*** Input data ***

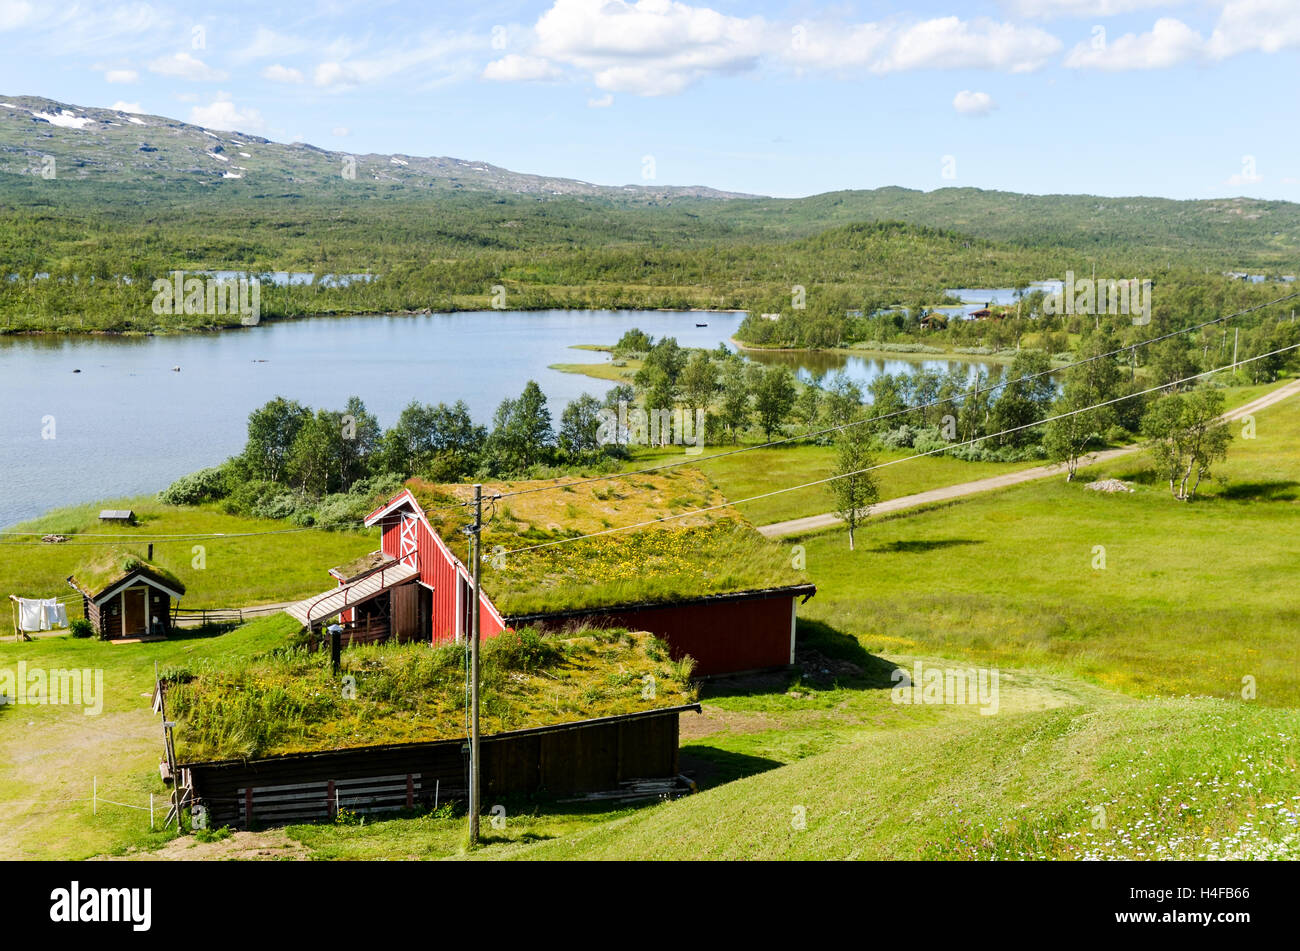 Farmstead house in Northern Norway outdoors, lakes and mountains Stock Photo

*** End of Input data ***
*** Input data ***

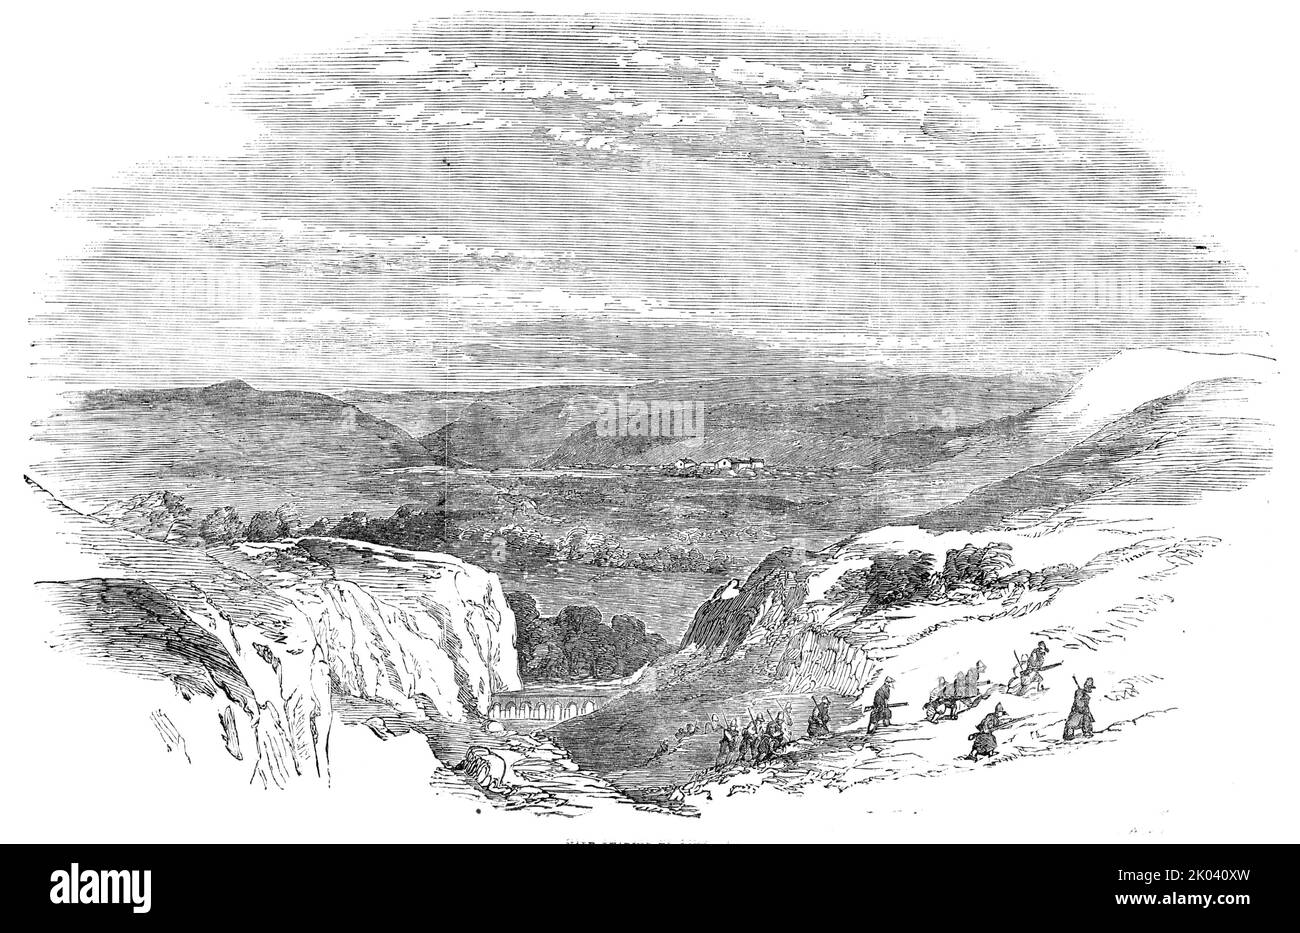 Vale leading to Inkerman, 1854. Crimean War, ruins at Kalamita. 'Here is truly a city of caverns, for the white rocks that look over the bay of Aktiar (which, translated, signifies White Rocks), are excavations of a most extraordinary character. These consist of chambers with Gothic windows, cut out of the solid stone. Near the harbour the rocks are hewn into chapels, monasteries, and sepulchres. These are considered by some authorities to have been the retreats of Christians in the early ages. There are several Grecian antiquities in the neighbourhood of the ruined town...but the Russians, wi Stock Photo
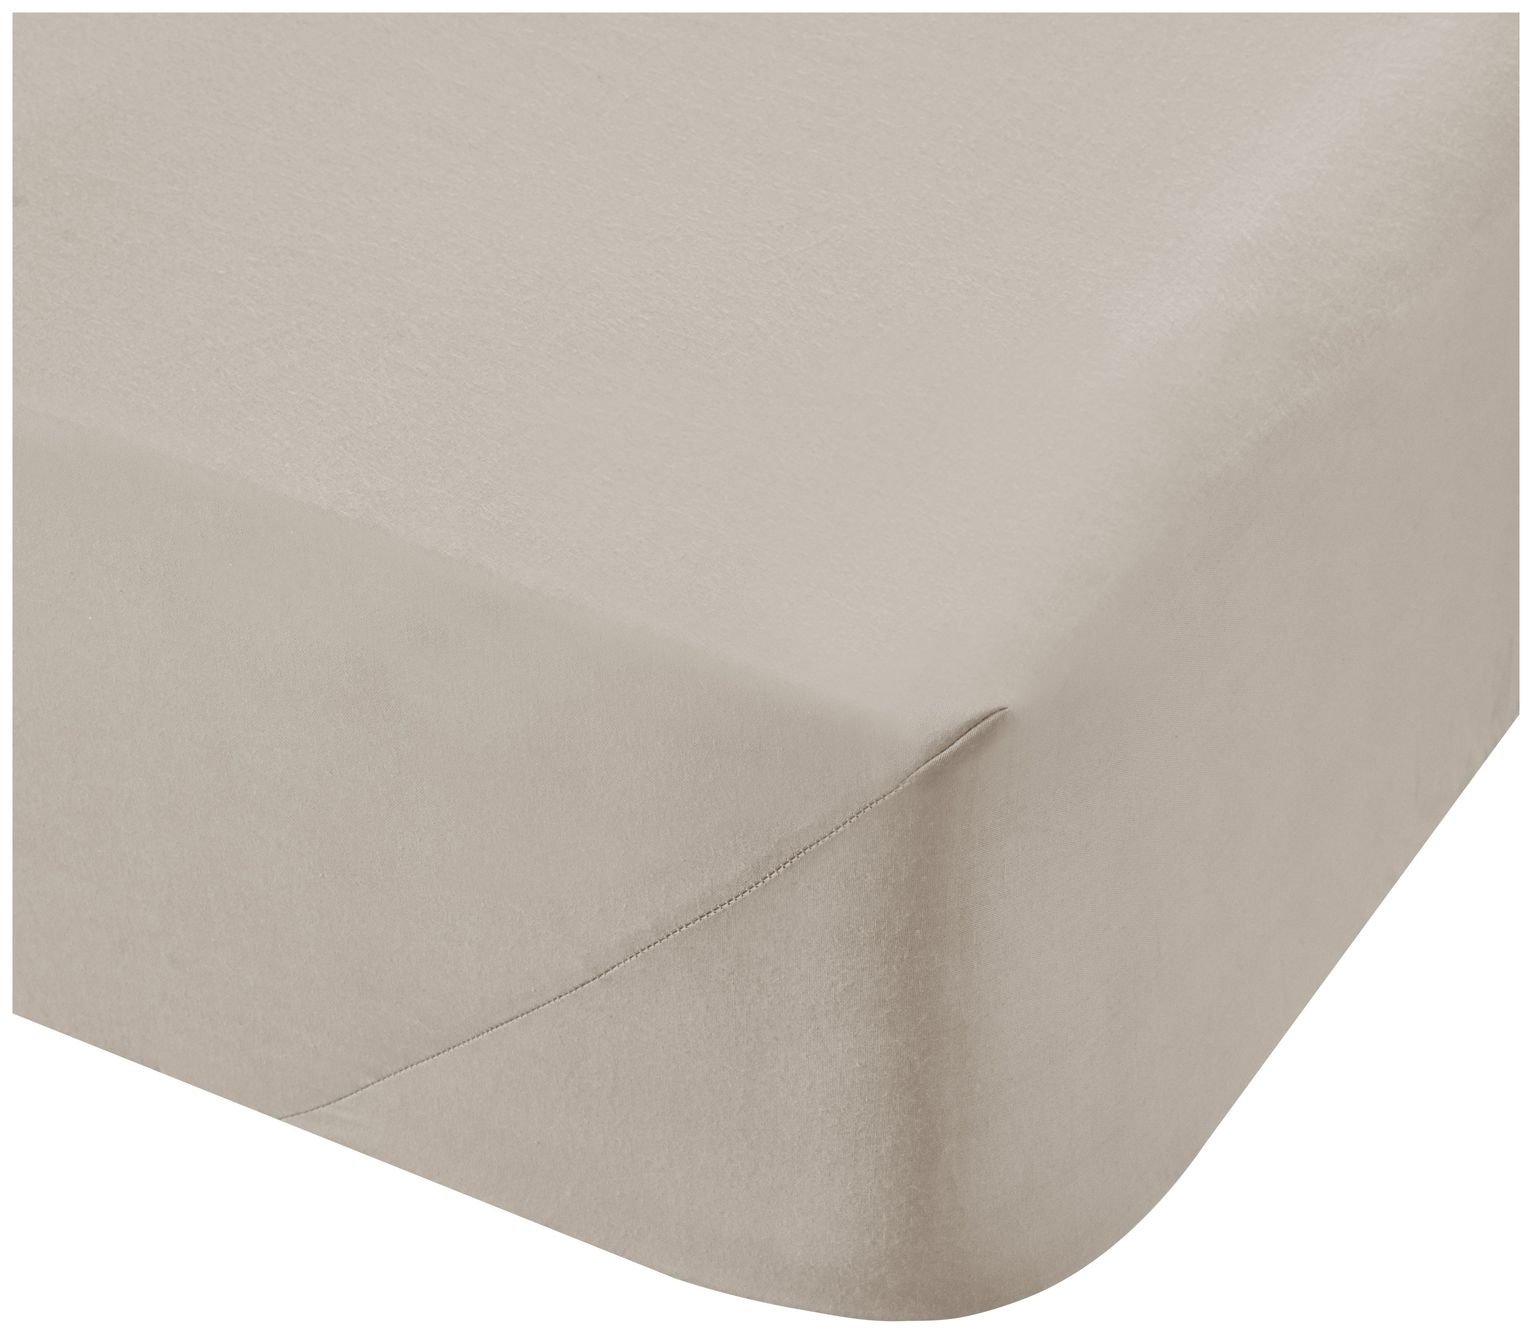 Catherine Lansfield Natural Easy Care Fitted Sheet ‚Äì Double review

*** End of Input data ***
*** Input data ***

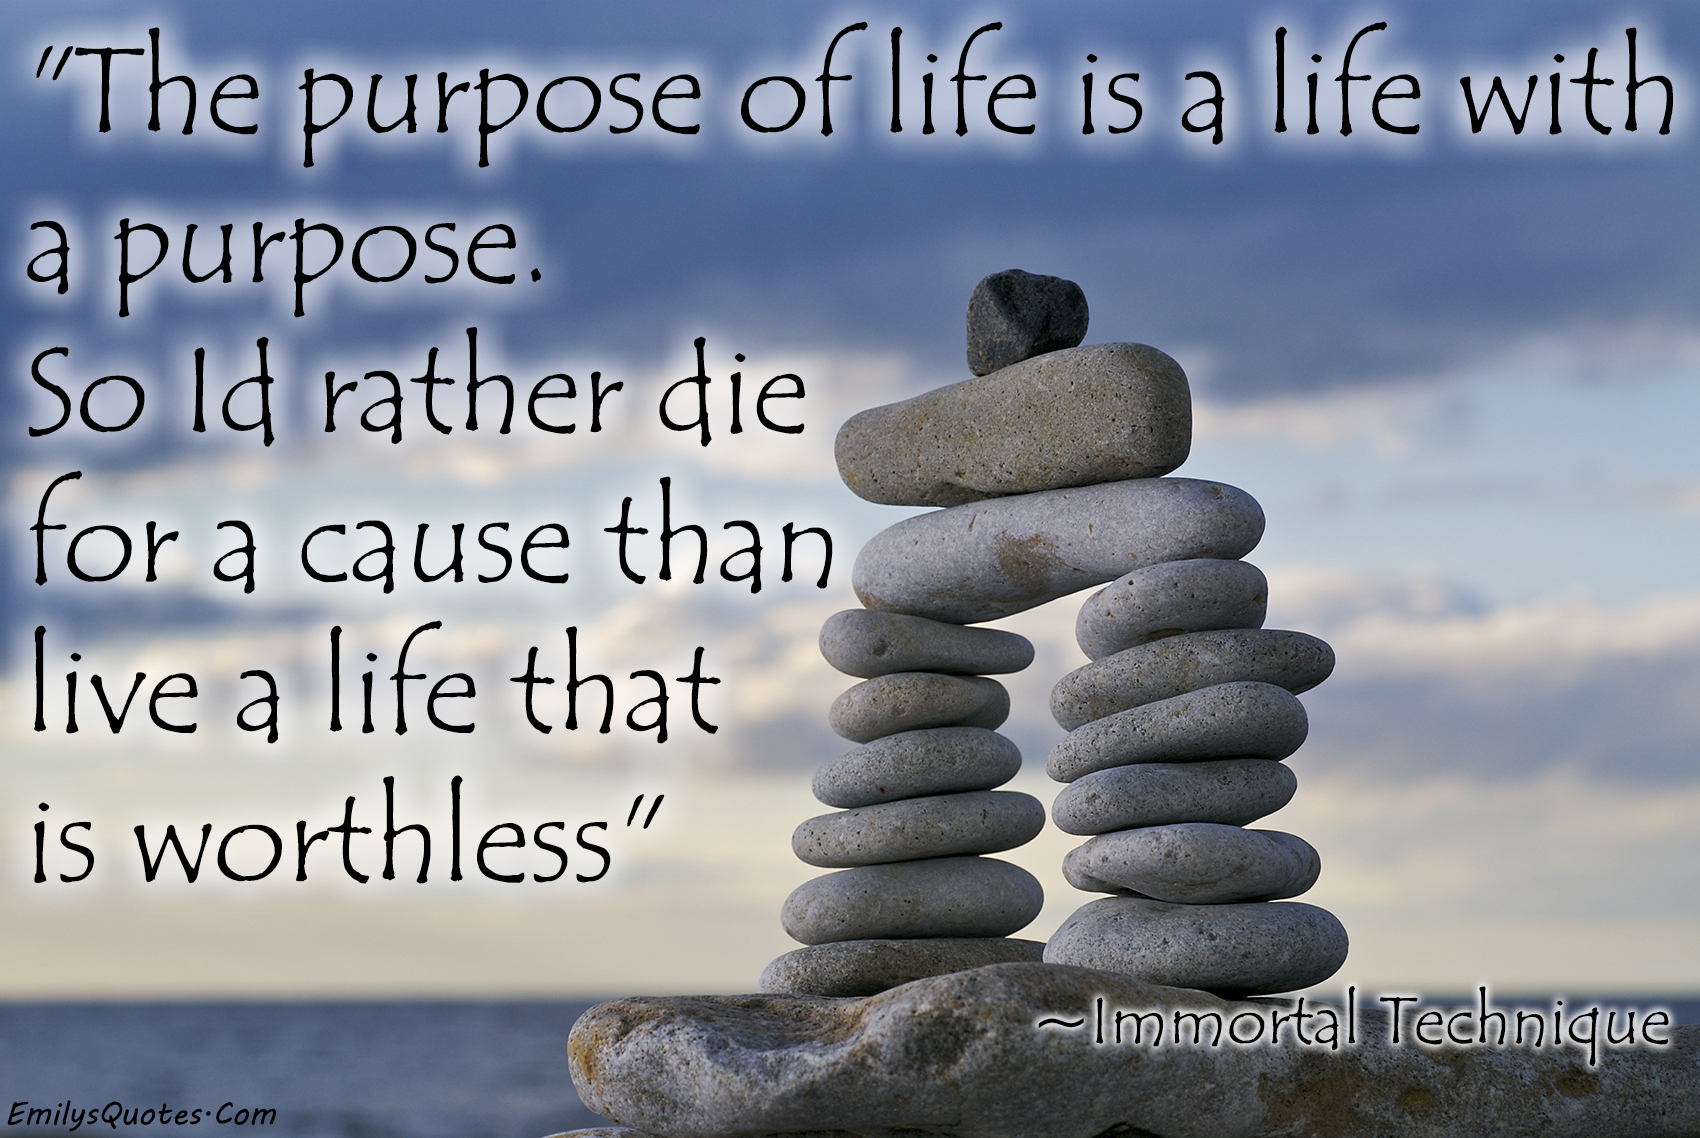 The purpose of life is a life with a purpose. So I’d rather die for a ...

*** End of Input data ***

Exercise requirements:
Reproduce, word for word, everything in the listing above from the line containing "Vale leading to" down to the line containing "Catherine Lansfield Natural", both of them included. No pictures.

Answer to the problem:
 Vale leading to Inkerman, 1854. Crimean War, ruins at Kalamita. 'Here is truly a city of caverns, for the white rocks that look over the bay of Aktiar (which, translated, signifies White Rocks), are excavations of a most extraordinary character. These consist of chambers with Gothic windows, cut out of the solid stone. Near the harbour the rocks are hewn into chapels, monasteries, and sepulchres. These are considered by some authorities to have been the retreats of Christians in the early ages. There are several Grecian antiquities in the neighbourhood of the ruined town...but the Russians, wi Stock Photo
 Catherine Lansfield Natural Easy Care Fitted Sheet ‚Äì Double review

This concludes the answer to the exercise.